Data segment:
^^^^^^^^
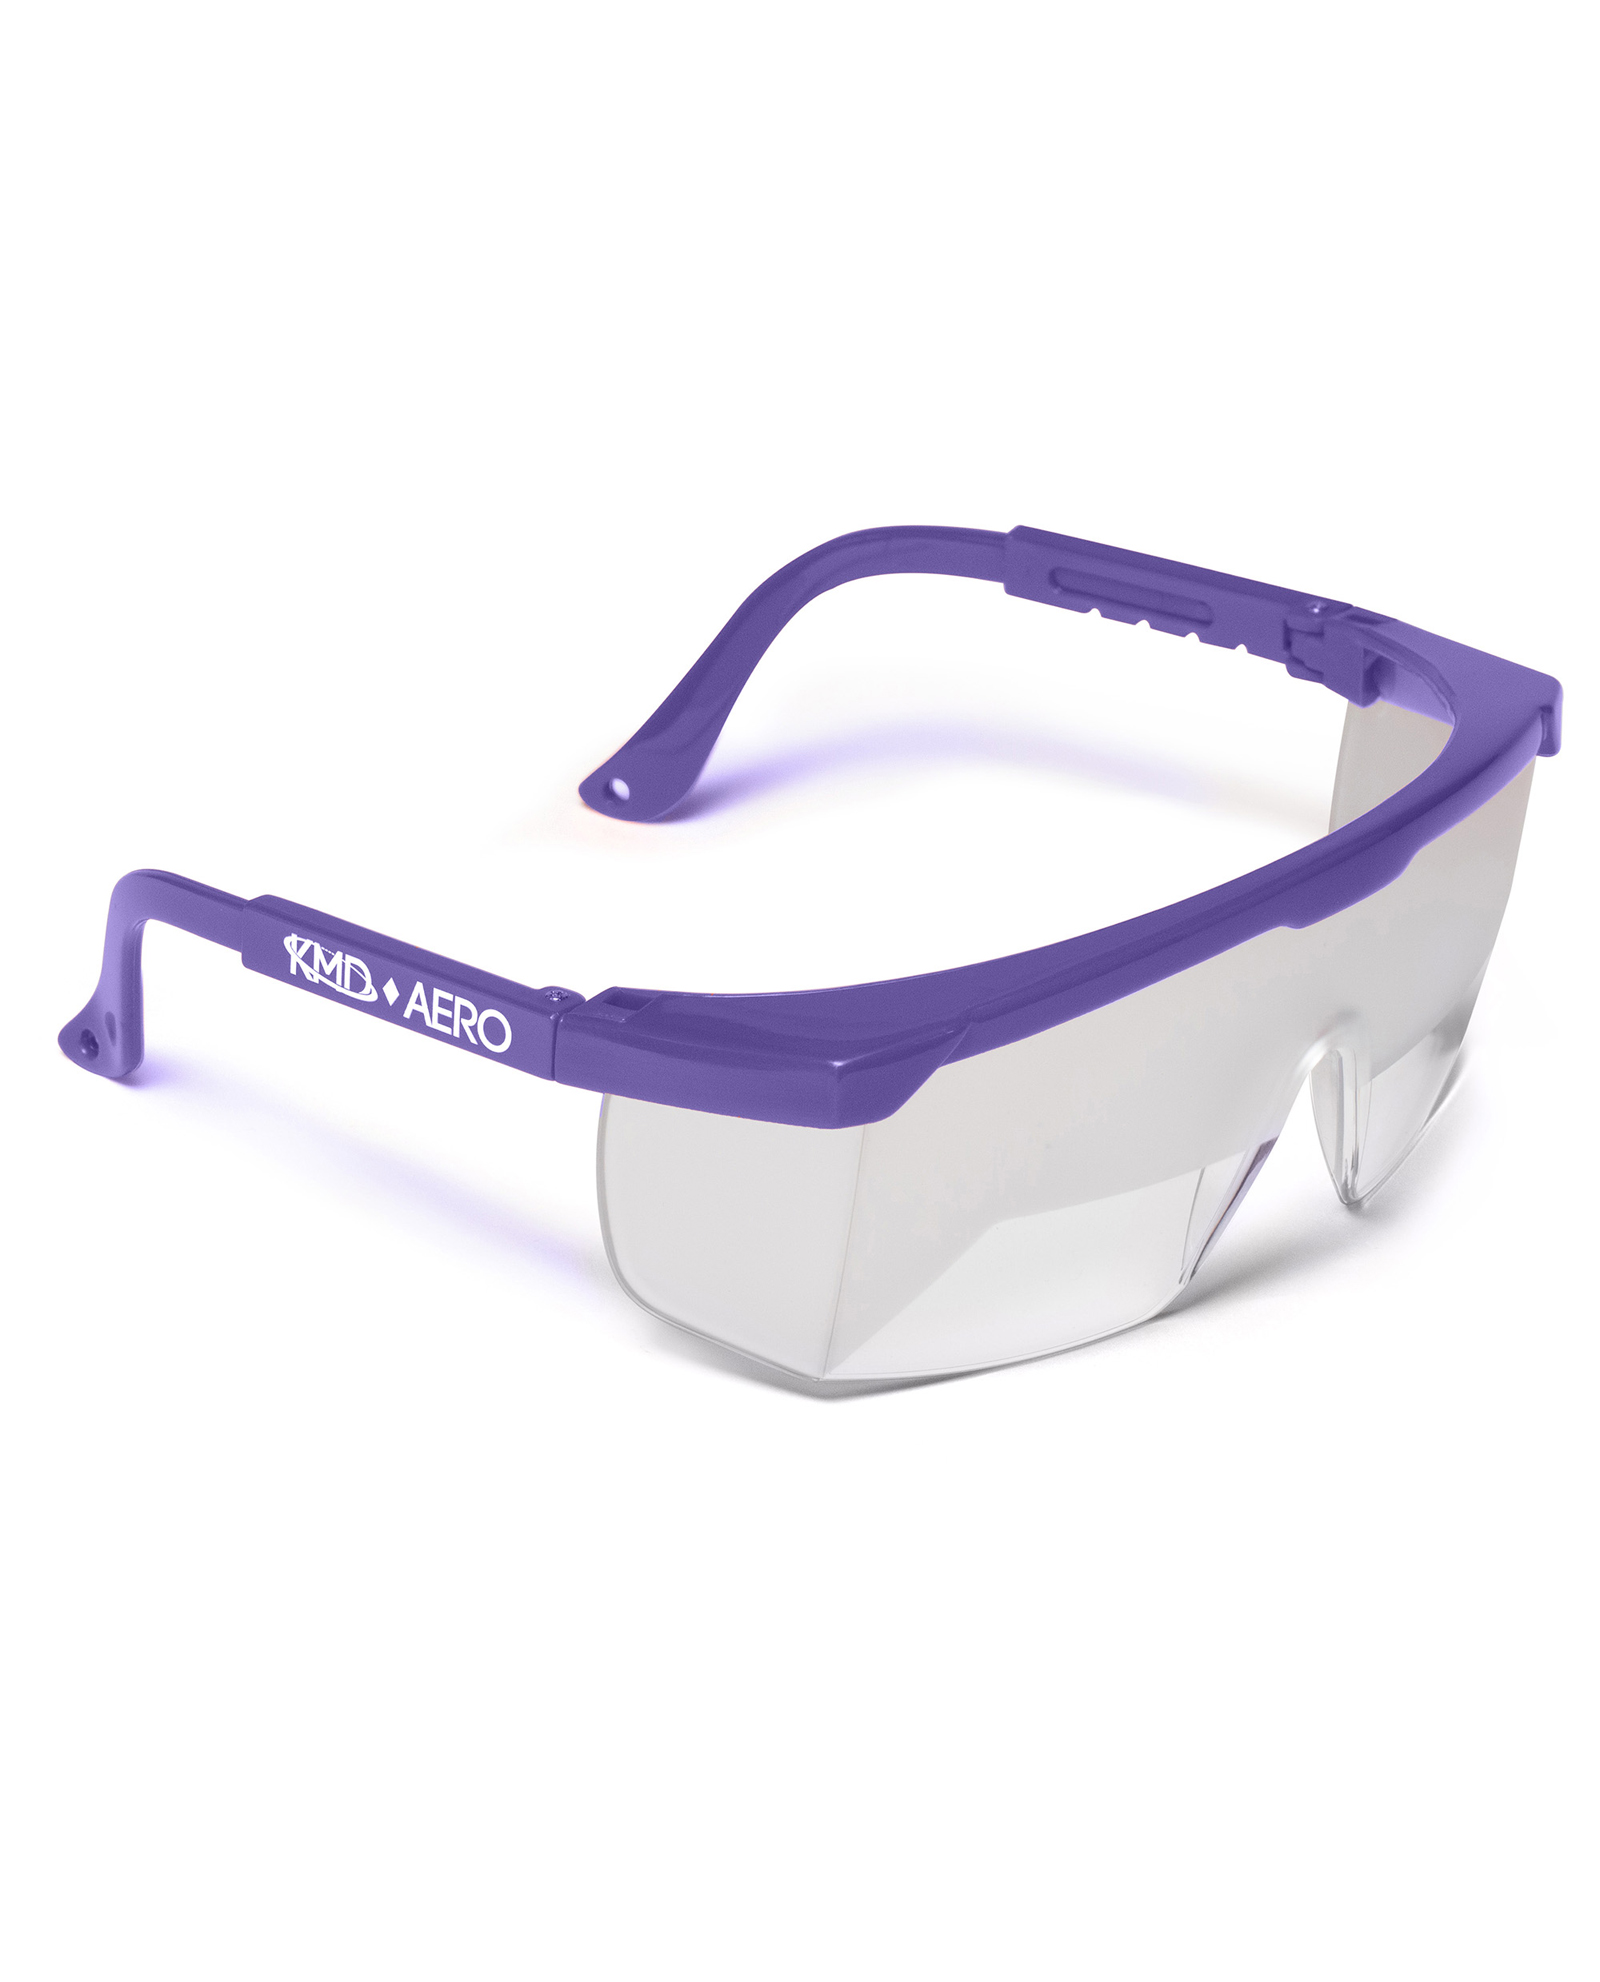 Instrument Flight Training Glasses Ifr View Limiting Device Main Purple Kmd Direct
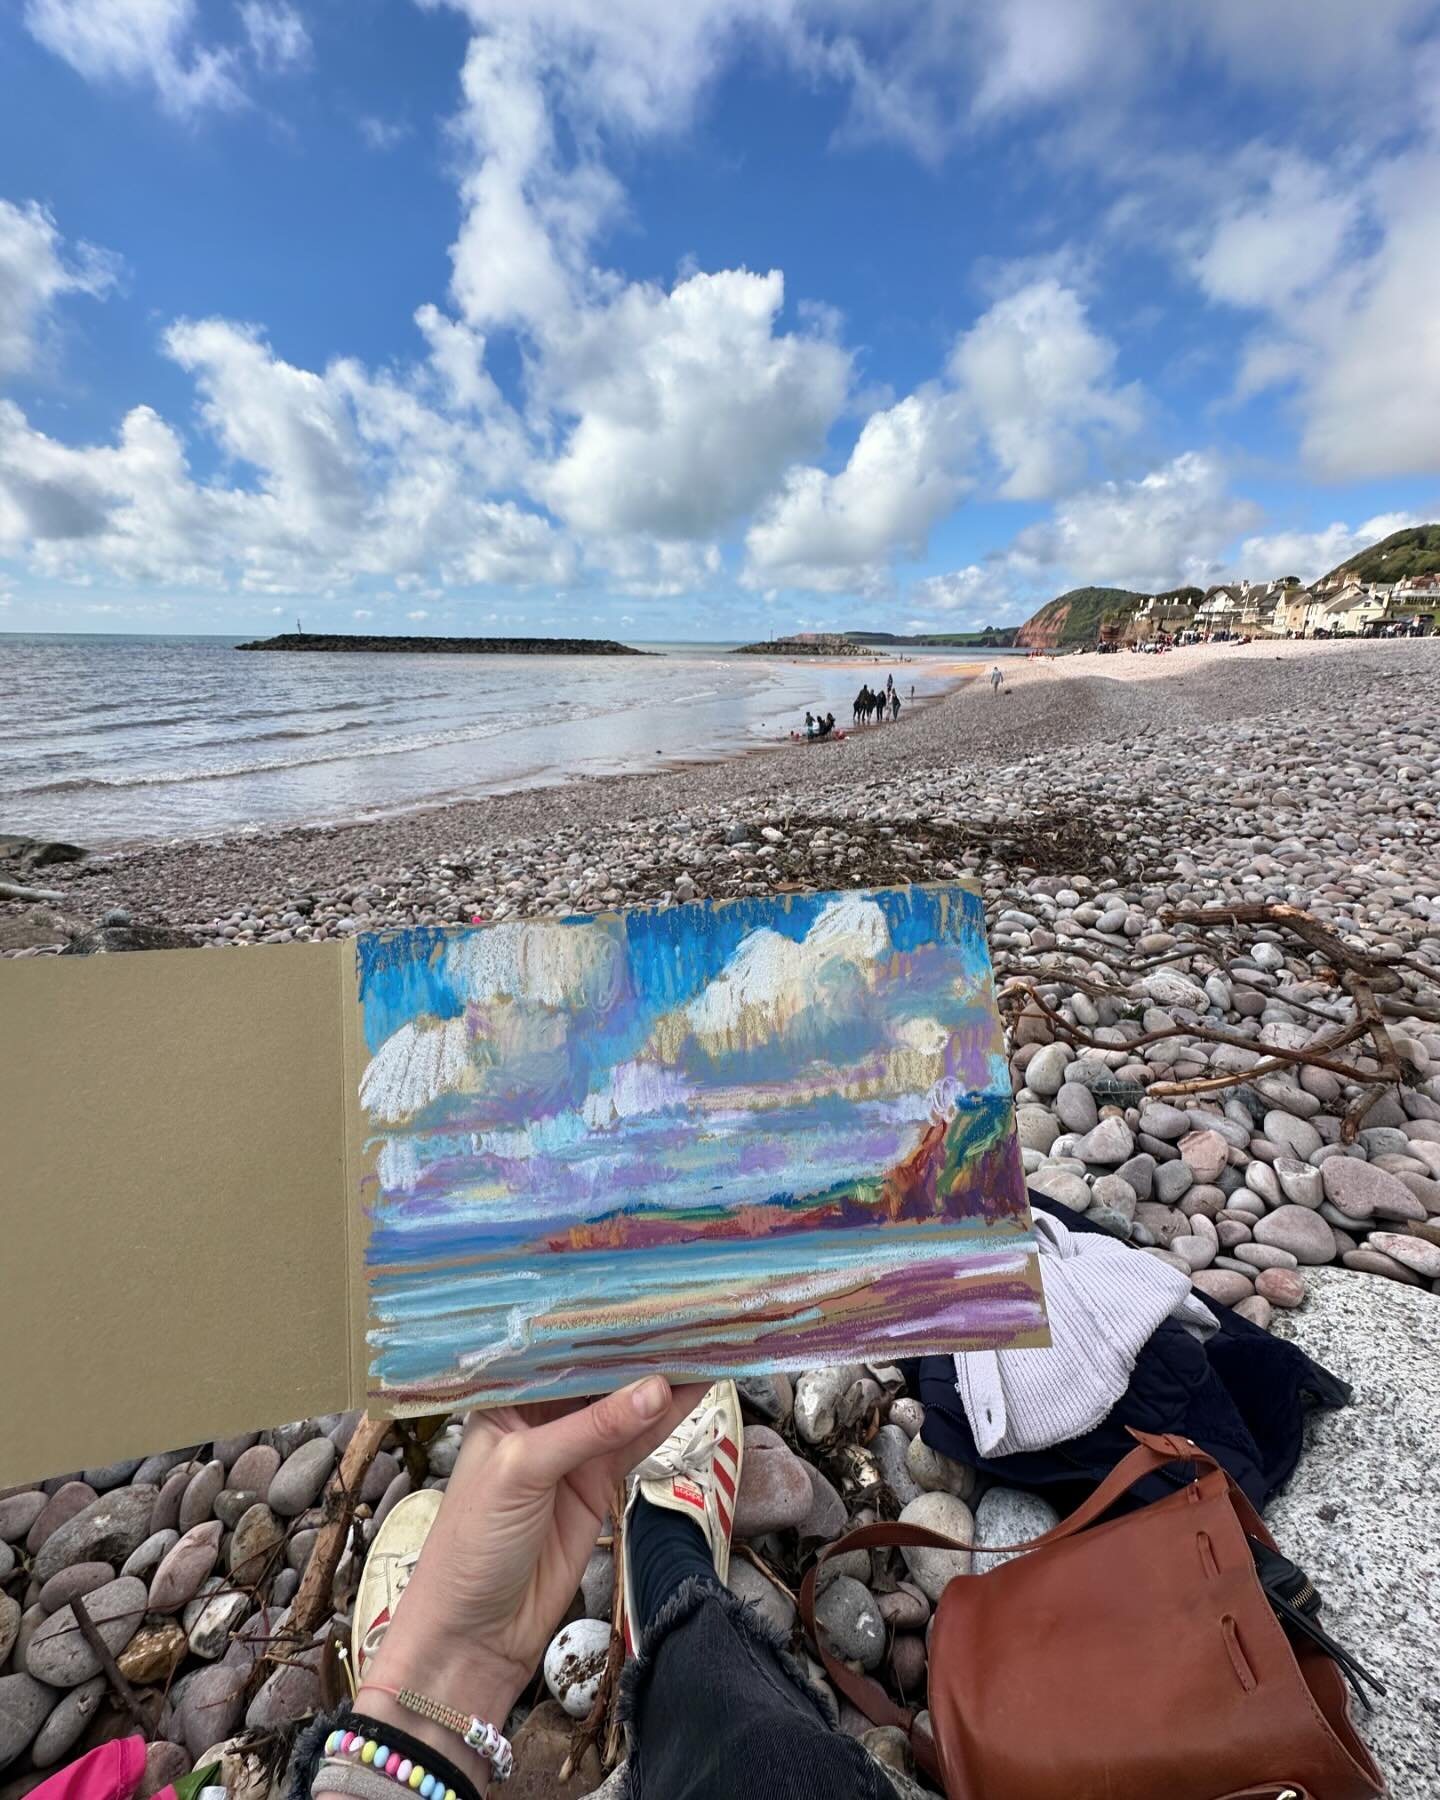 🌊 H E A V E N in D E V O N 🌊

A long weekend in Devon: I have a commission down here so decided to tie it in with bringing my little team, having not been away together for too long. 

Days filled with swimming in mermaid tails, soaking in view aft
^^^^^^^^
Your objective: Using the data above, show each line where "with" occurs.

Exercise solution:
A long weekend in Devon: I have a commission down here so decided to tie it in with bringing my little team, having not been away together for too long. 
Days filled with swimming in mermaid tails, soaking in view aft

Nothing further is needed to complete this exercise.